Researchers at the University of California, San Diego (UCSD) have discovered that multiple simultaneous genome-scale measurements are needed to identify all gene products and to determine their cellular locations and interactions with the genome. The bioengineers applied their approach to the E. coli genome to generate a detailed description of its transcription unit architecture.
In a recent Nature Biotechnology paper titled "The transcription unit architecture of the Escherichia coli genome," the researchers describe a four-step systems approach that integrates multiple genome-scale measurements on the basis of genetic information flow to identify the organizational elements and map them onto the genome sequence.
Until now scientists have been trying to identify the genomic location of all gene products involved in complex biological processes in a single organism, but they have only been able to identify a fraction of those locations. This new discovery will allow scientists to perform full delineation of the location and use of genomic elements, according to the UCSD team.
"What's important about this paper is it now enables us to experimentally annotate genomes," says Bernard Palsson, Ph.D., a UCSD bioengineering professor and co-author of the paper. "All this information gives us a fine resolution of the contents of a genome and location of its elements.”

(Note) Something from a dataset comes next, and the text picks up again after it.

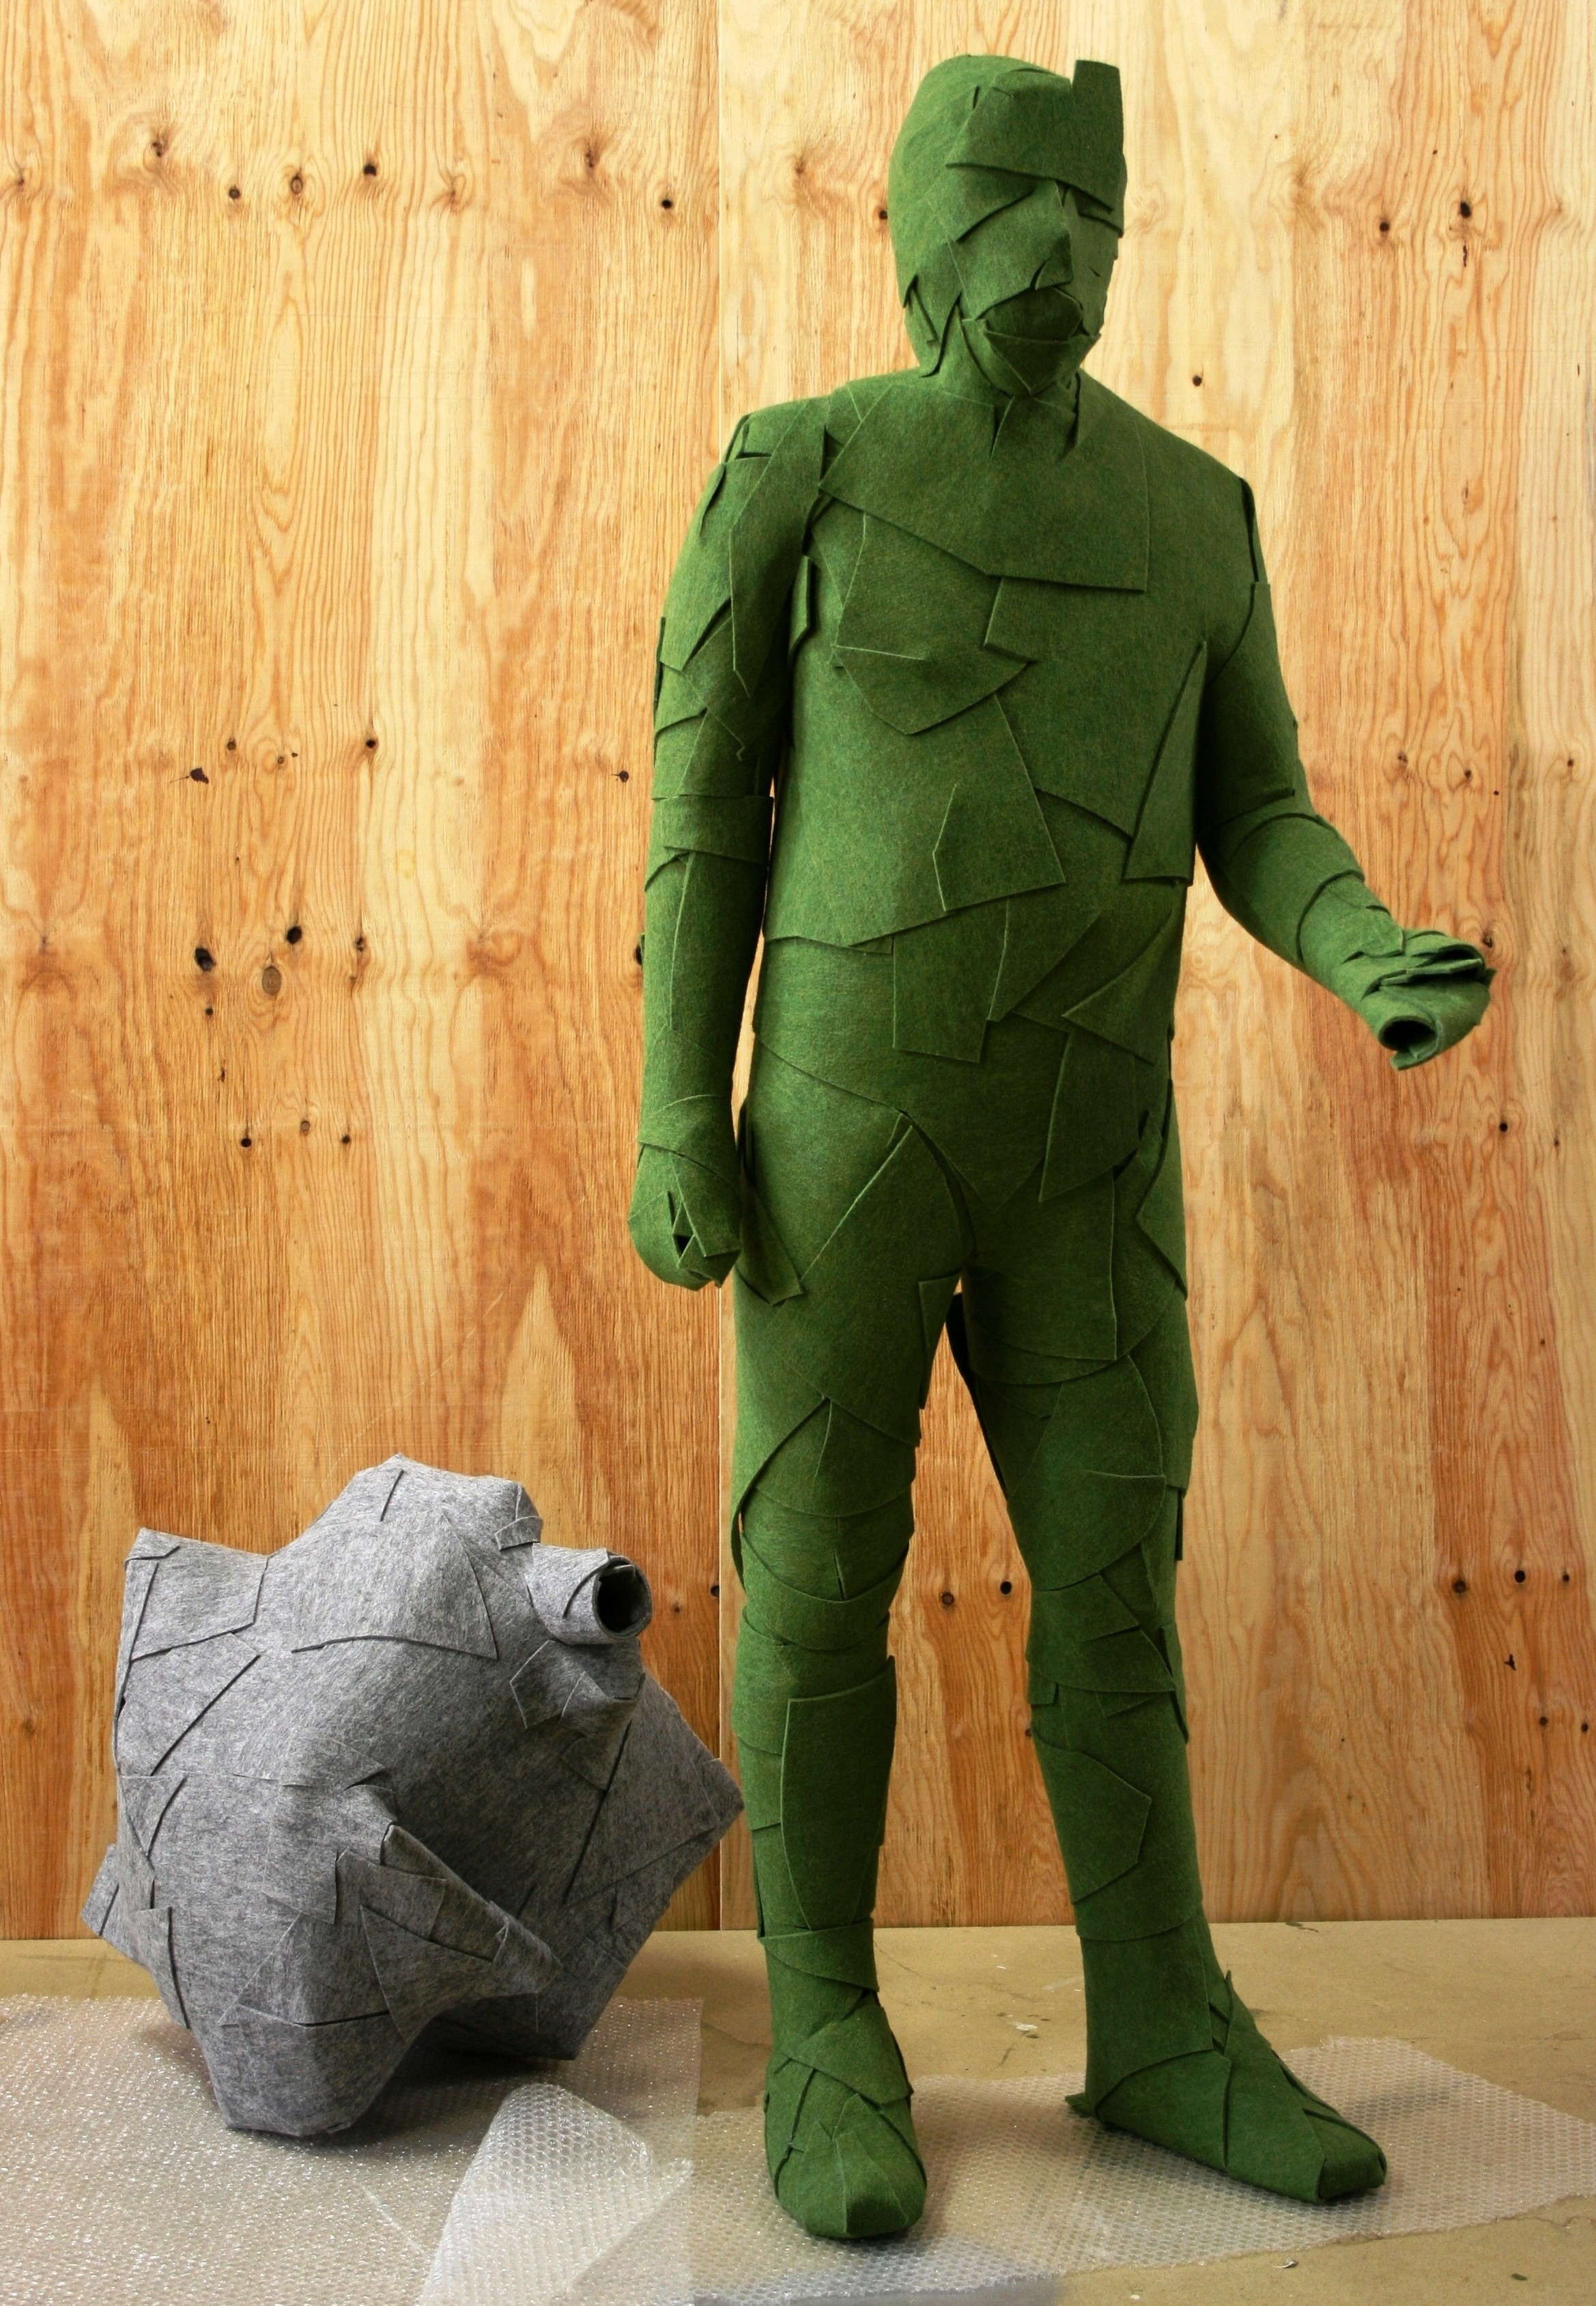 Marcus Geiger Filzskulptur grün

The scientists used genome-scale computational models that were developed at UCSD under the systems biology program, which enabled them to compute organism designs with higher resolution and better accuracy. Currently, Dr. Palsson says that there is extensive trial and error in gene-sequencing procedures. He hopes that this metastucture of a genome that the team has developed will eliminate the trial and error and will enable them to reach new metabolic designs faster with lower failure rates.

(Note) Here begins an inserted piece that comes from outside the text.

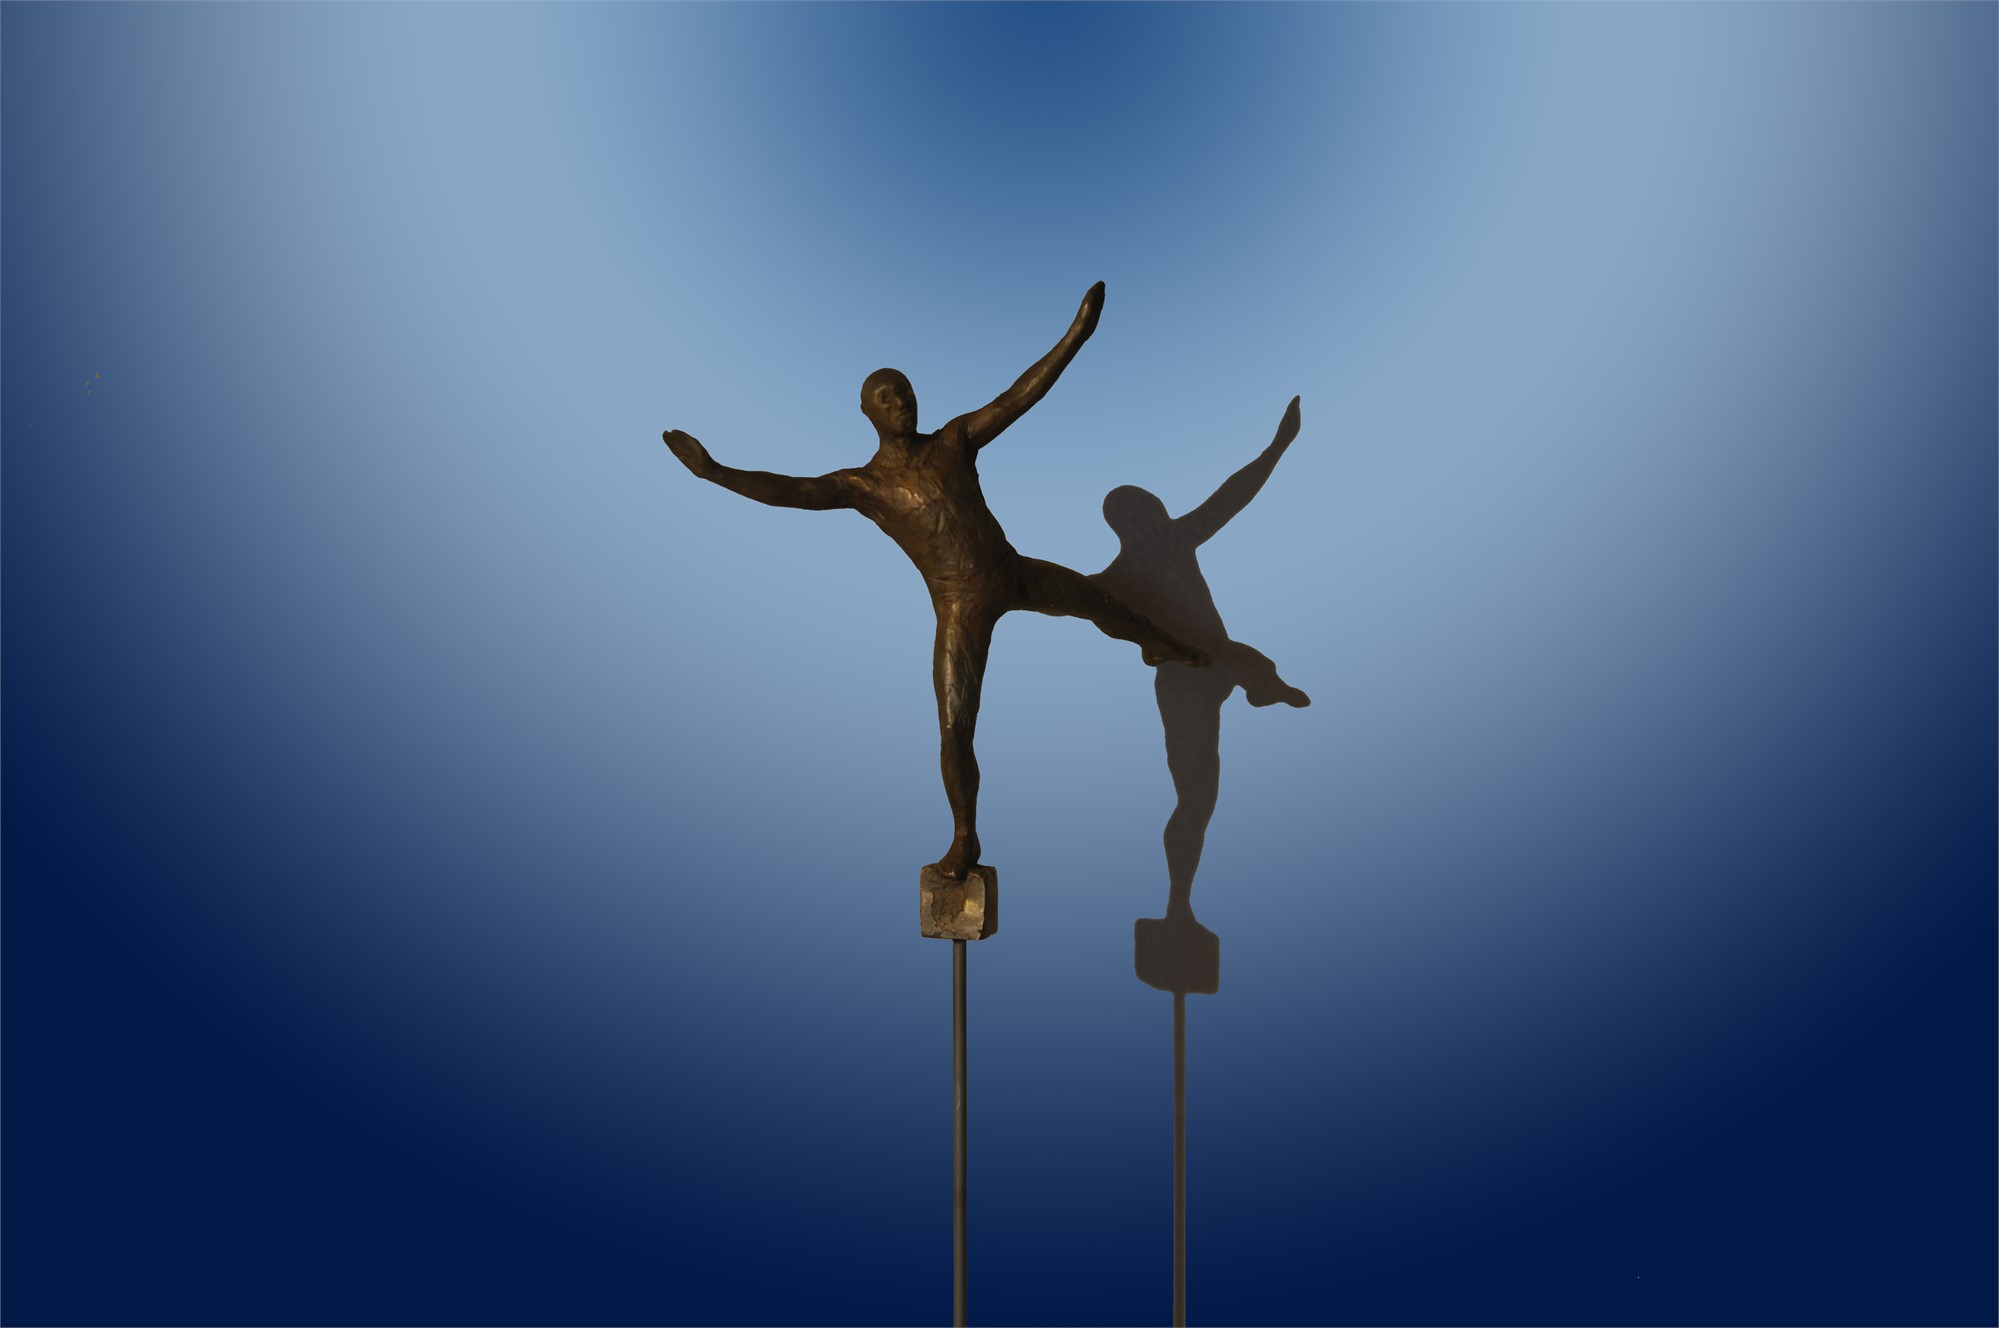 Balance Series: Foot by Bill Starke

There are many significant implications of this new finding, he continues, such as enhancing metabolic engineering including the engineering of microorganisms to make fuels and commodity chemicals.
"So far, scientists have been able to make chemicals to kill pathogenic strains, but we haven't been as successful as we have wanted to be," says Byung-Kwan Cho, a project scientist in the UCSD bioengineering department and the lead author of the Nature Biotechnology paper. "By using this newly discovered information, we may be able to design better drugs or medicines to kill pathogenic strains."